Daily Management Review

Talk To Appliances, Or Text Them? Smart Condo Conundrum


03/13/2017




Talk To Appliances, Or Text Them? Smart Condo Conundrum
In today's so-called smart home, simply by talking to a small Wifi-connected speaker, such as Amazon's Echo or Google's Home, you can dim the lights, order more toothpaste or tell the kids to go to bed.
 
Barely in existence in 2014 was the voice-first market - combining voice with artificial intelligence (AI). 24.5 million appliances are expected to be shipped this year, believes Voice Labs, a consultancy.
 
Samsung Electronics plans to incorporate Viv, its newly acquired virtual assistant, into its phones and home appliances; Baidu last month bought Raven, billed as China's answer to Amazon's Alexa intelligent personal assistant; and Apple is taking its Siri voice assistant beyond its mobile devices to PCs, cars, and the home. These are among the other big tech firms that have their own plans.
 
But the future of communicating with the Internet of Things need not be vocal, think soem experts.
 
For example, Facebook founder Mark Zuckerberg found he preferred communicating by text because, he wrote, "mostly it feels less disturbing to people around me” and was working on Jarvis, his own voice-powered AI home automation.
 
And a small Singapore firm, Unified Inbox, which offers a service that can handle ordinary text messages and pass them on to appliances, and several major appliance makers have turned to it.
 
A quick text message can "preheat the oven to 200 degrees at 6.30 p.m."; can "start the coffee machine" or "turn on the vacuum cleaner at 5 p.m." with your home added to the contacts list on, say, WhatsApp.
 
"Think of it as a universal translator between the languages that machines speak ... and us humans," said Toby Ruckert, a German former concert pianist and now Unified Inbox's CEO.
 
The company has customers that include half of the world's smart appliance makers, such as Bosch and Ruckert says its technology is patent-backed, has been several years in the making, even though the company is just a small player, funded by private investors.
 
While the consumer can add their appliance by messaging its serial number to a special user account or phone number Unified Inbox connects the devices on behalf of the manufacturer.
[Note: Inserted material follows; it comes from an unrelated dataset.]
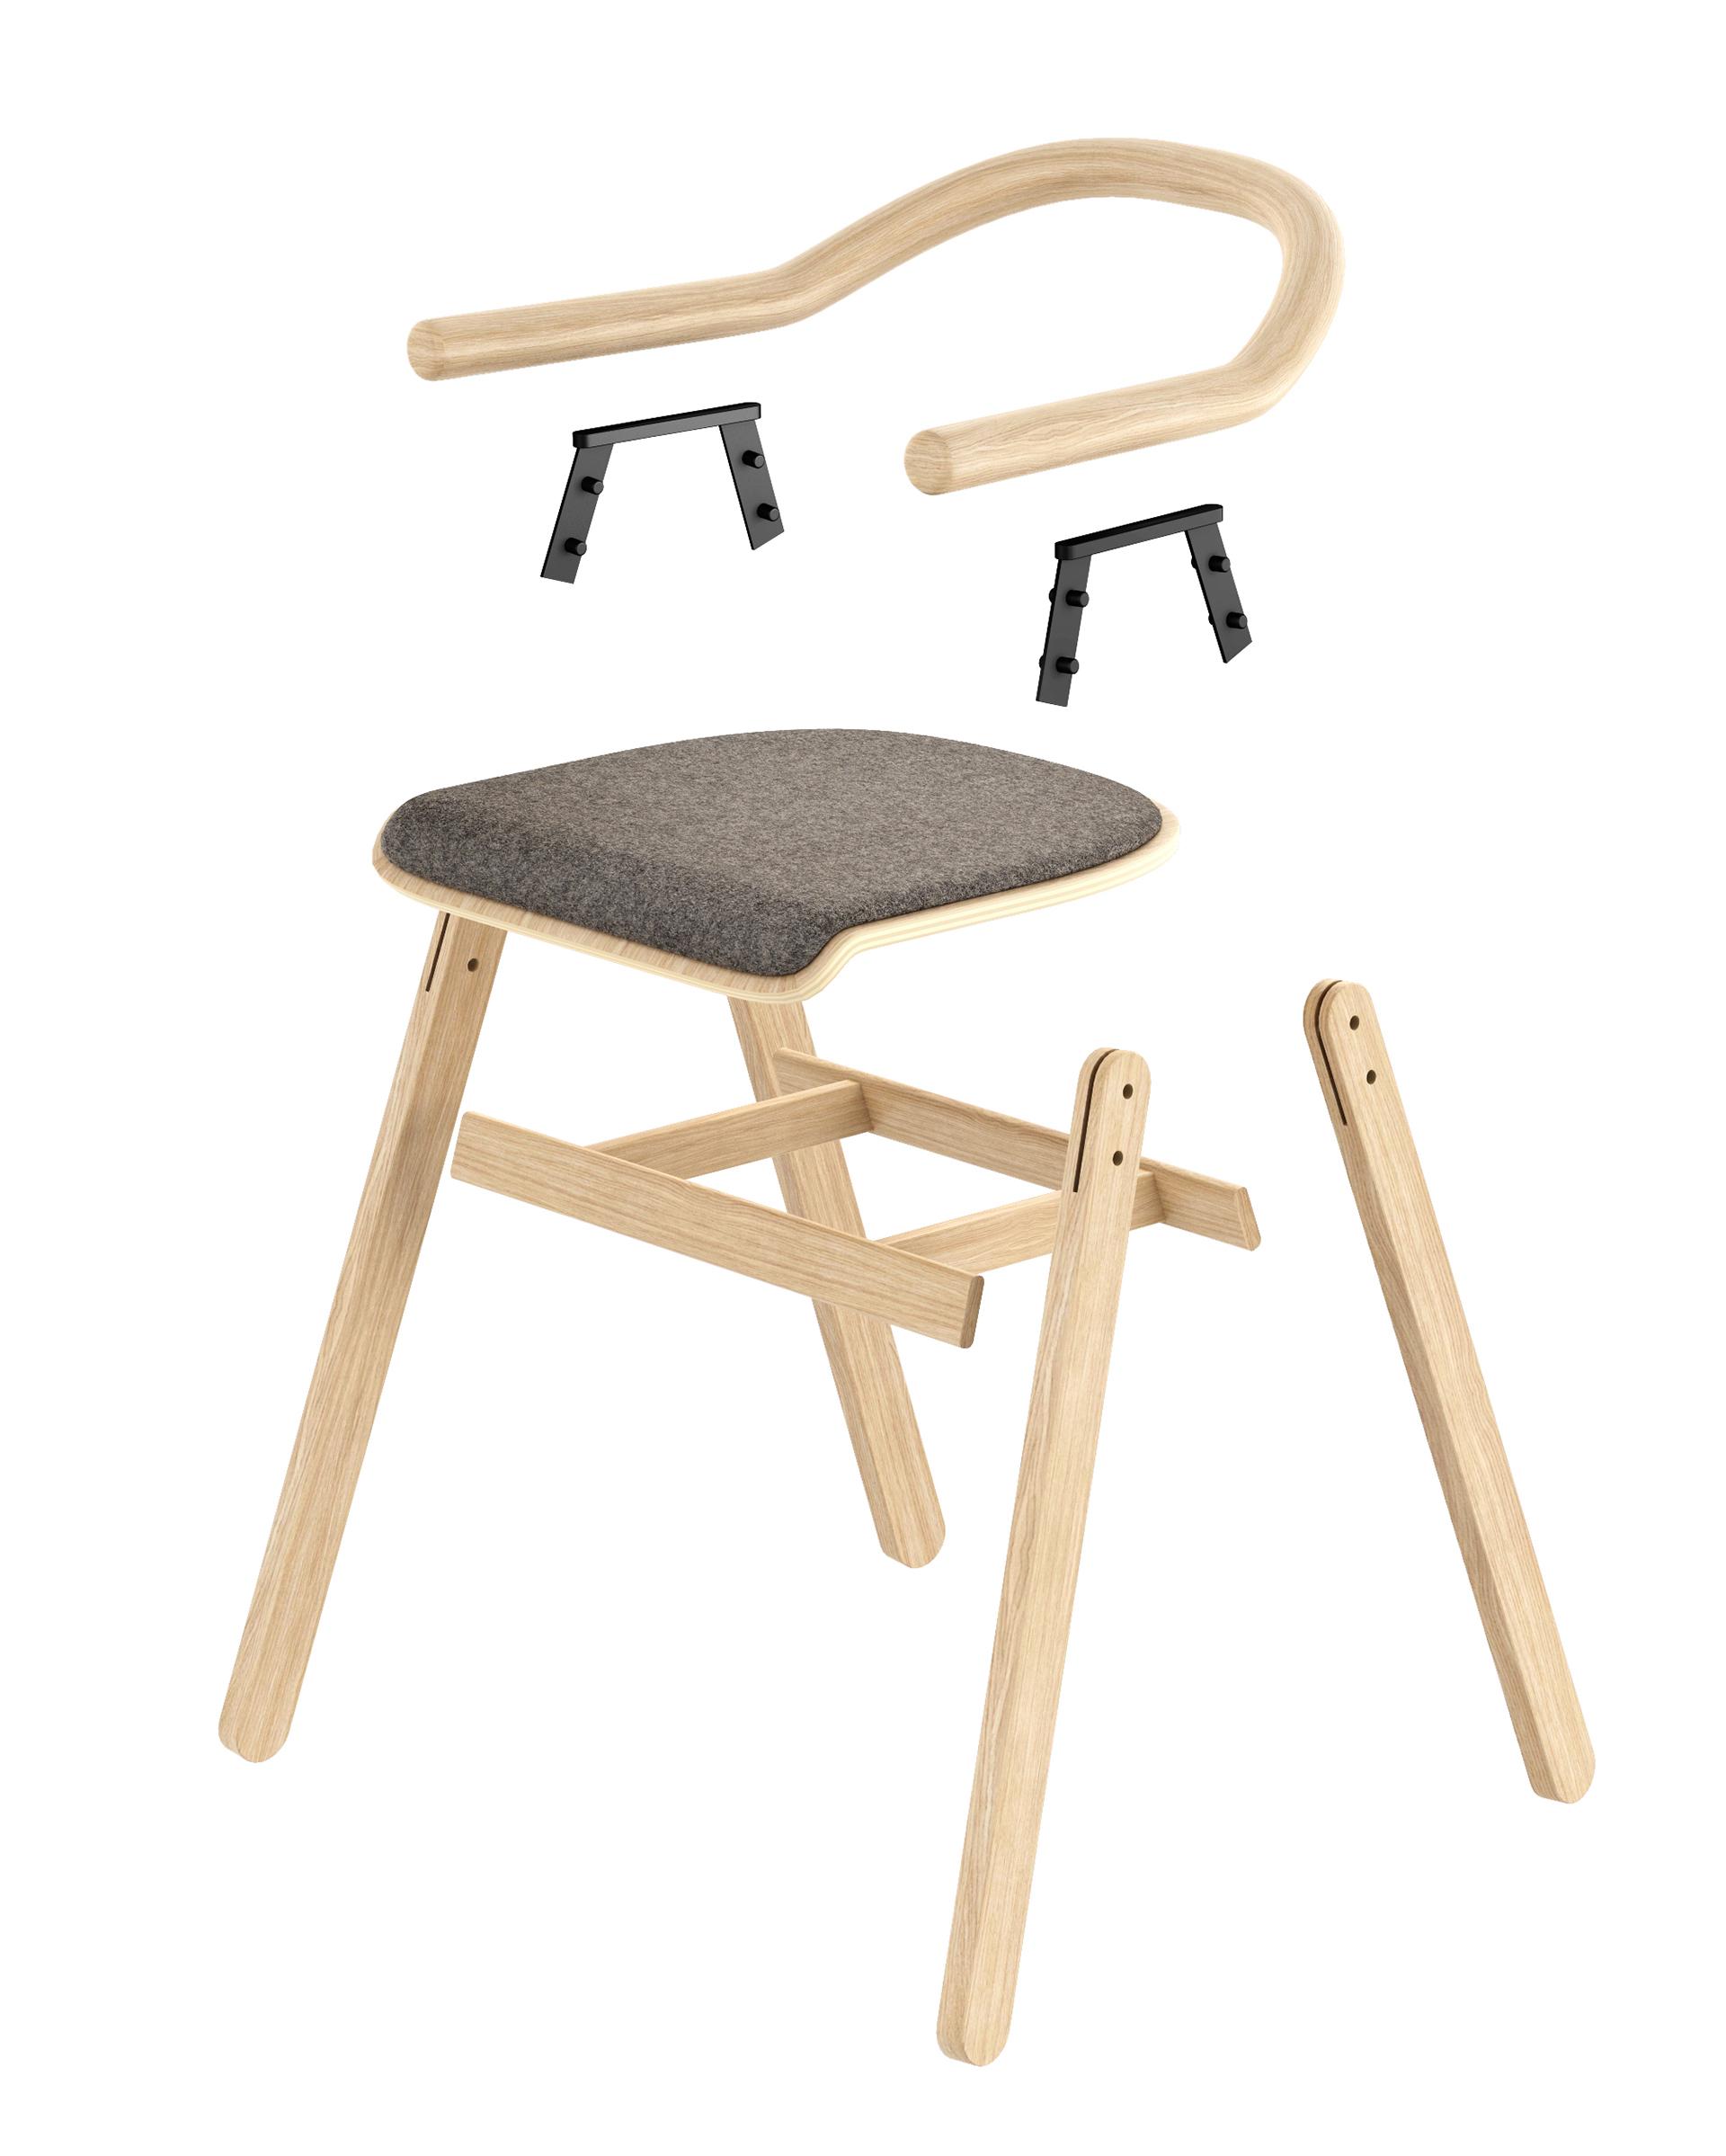 TOON Chair by Radek Nowakowski for Redo Design Studio

In addition to SMS and Twitter, and controls appliances from ovens to kettles, it so far supports more than 20 of the most popular messaging apps. Ruckert says that locks, garage openers, window blinds, toasters and garden sprinklers, are among the other home appliances being tested.
 
"People aren't going to want a different interface for all the different appliances in their home," says Jason Jameson, of IBM. To better understand user messages, the company is pairing its Watson AI supercomputer with Unified Inbox. Working with a Samsung Robot Cleaner, they will this week demonstrate the service.
 
"The common denominator is the smartphone, and even more common is the messaging app," Jameson notes.
 
Why more than half of the world's smart appliance manufacturers have signed up, has another reason Ruckert says.
 
Connecting to Alexa or another dominant platform, or being cast aside if Amazon moves into making its own household appliances, they're worried the big tech companies' one-appliance-controls-all approach will relegate them to commodity players.
 
"Our customers are quite afraid of the likes of Amazon," Ruckert said. "Having a Trojan horse in a customer's home, like Echo, that they must integrate with to stay competitive is a nightmare for them."
 
An Amazon spokesperson said the company was "excited by the early response by smart home device manufacturers and even more excited by the customer response," but declined to speculate about future plans.